Use to show / hide code

#| echo: false
mario_kart.head(2)

produces:

track type shortcut player system_played date time_period time record_duration
0 Luigi Raceway Three Lap No Salam NTSC 1997-02-15 2M 12.99S 132.99 1
1 Luigi Raceway Three Lap No Booth NTSC 1997-02-16 2M 9.99S 129.99 0

Code collapsing

#| echo: fenced
#| code-fold: true
Code
```{python}
#| code-fold: true
import numpy as np
import pandas as pd
```

Task 3: Running some code (10 mins)

  1. Open the document task03.qmd

  2. Under the analysis subheading, add a code chunk to import Pandas

  3. Hide the code chunk with #| echo: false

  4. Add another code chunk to read in the penguins data (link in doc) and display it i.e.
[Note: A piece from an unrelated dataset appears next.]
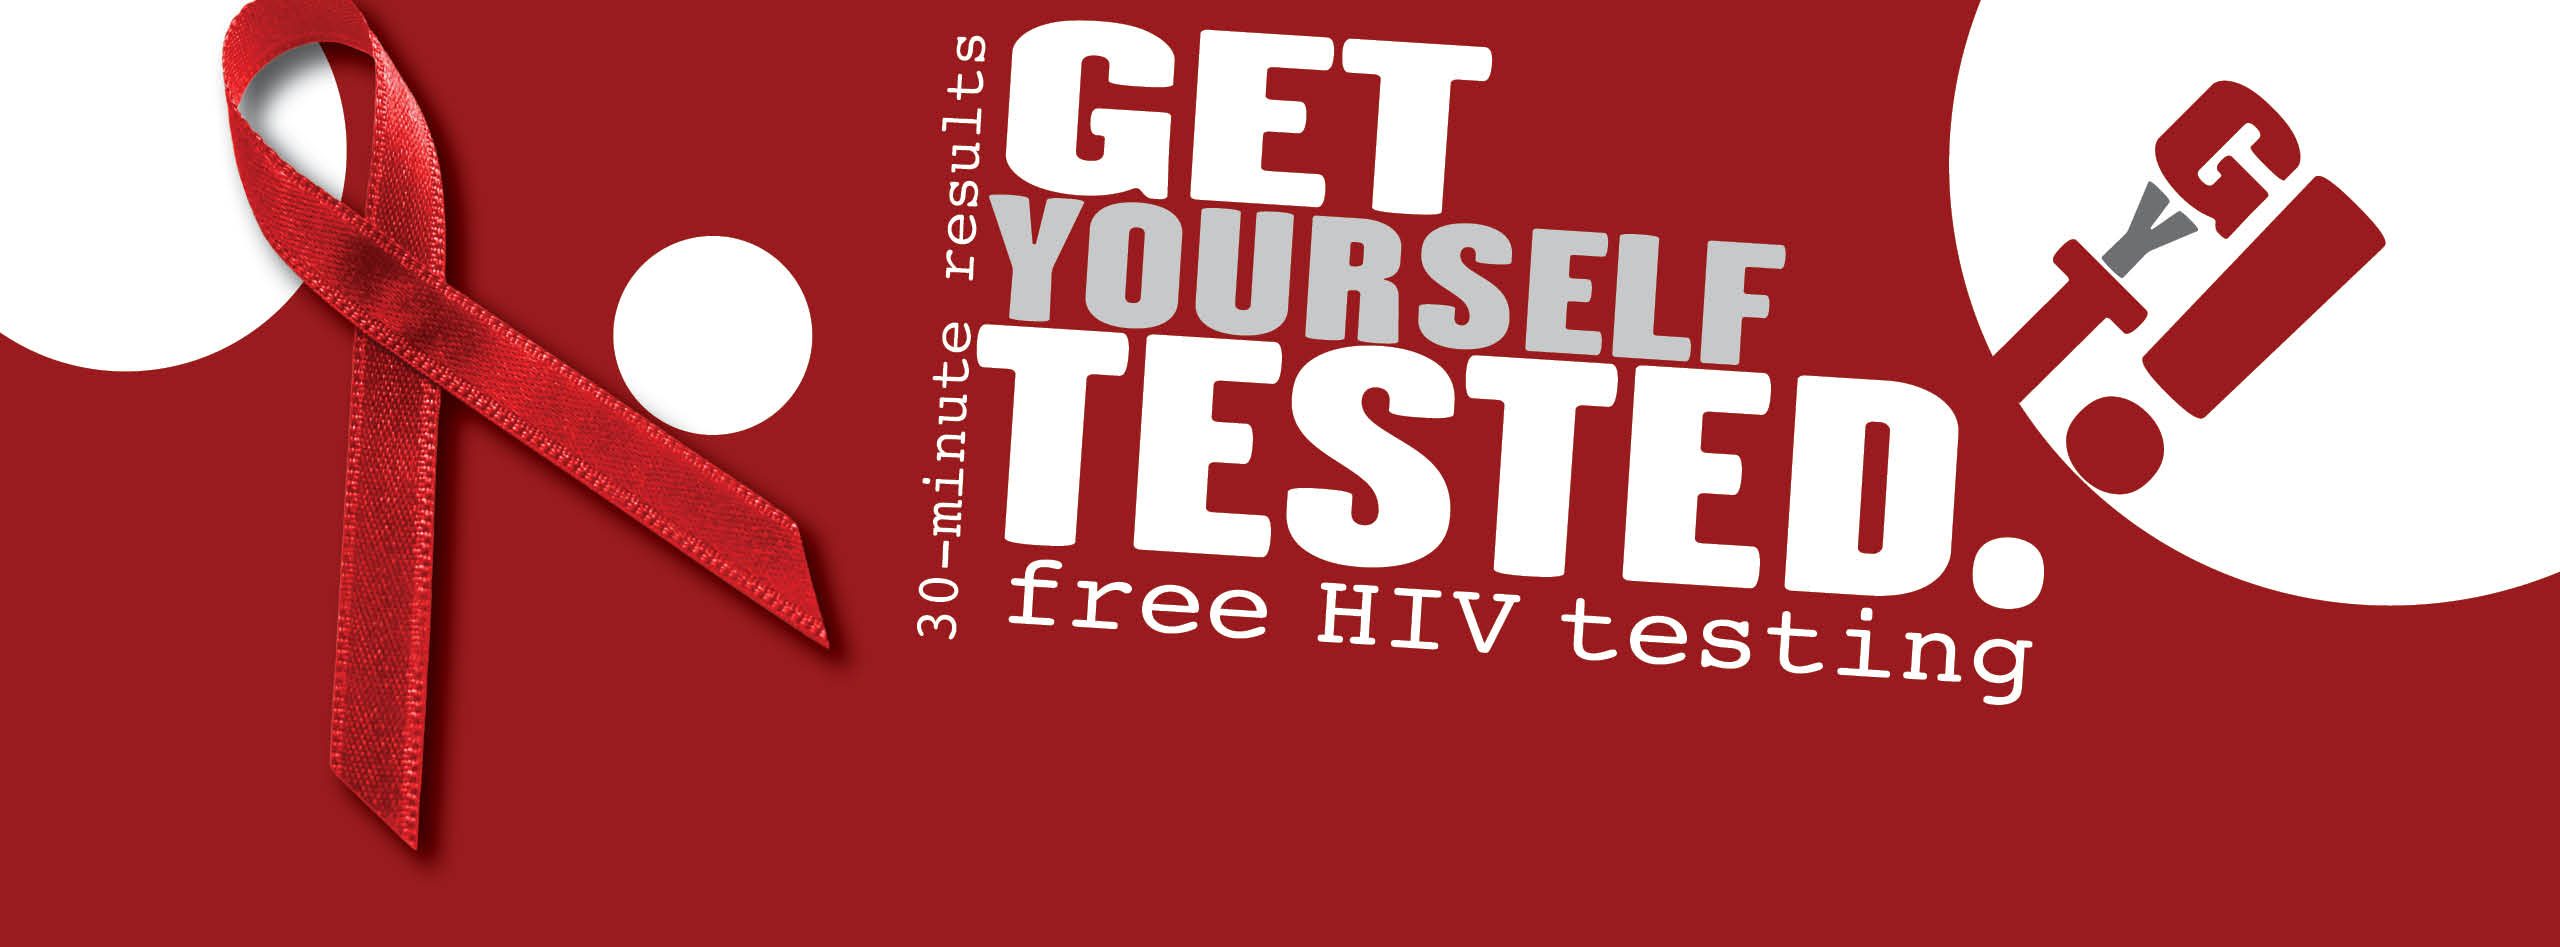 HIV TESTING

    penguins = pd.read_csv("link_to_penguin_data")
  5. Make the data loading chunk a collapsed code chunk with #| echo: fenced and #| code-fold: true

Graphs & tables

Graphs

```{python}
#| eval: false
import plotly.express as px

# Filter the data
rainbow_road = mario_kart.loc[
        (mario_kart["track"] == "Rainbow Road") &
        (mario_kart["type"] == "Three Lap")
].reset_index()

# Plot the data
px.line(
    rainbow_road,
    x="date",
    y="time",
    color="shortcut",
    title="Progress of Rainbow Road N64 World Records",
    line_shape="hv",
    markers="."
)
```

Graphs

ValueError: Mime type rendering requires nbformat>=4.2.0 but it is not installed

Tables

  • Markdown syntax
| fruit  | count  | color  |
|--------|--------|--------|
| banana | 5      | yellow |
| apple  | 6      | red    |
| pear   | 2      | green  |
fruit count color
banana 5 yellow
apple 6 red
pear 2 green

Tables

  • Convert python data to markdown
```{python}
#| eval: false
#| tbl-cap: "Table of fruits"
from IPython.display import Markdown
from tabulate import tabulate

table = [
    ["banana", 5, "yellow"],
    ["apple", 6, "red"],
    ["pear", 2, "green"],
]
Markdown(
    tabulate(table, headers=["fruit", "count", "color"])
)
```

Tables

Table of fruits
fruit count color
banana 5 yellow
apple 6 red
pear 2 green

Task 4: Graphs and tables (10mins)

  1. Open the document task04.qmd

  2. Add a plot showing the distribution of bill length for each sex and species. Use the plotting code below:

px.histogram(
    penguins,
    x="bill_length_mm",
    color="sex",
    facet_row="species",
)
  1. Add a caption to the plot using the fig-cap code chunk option.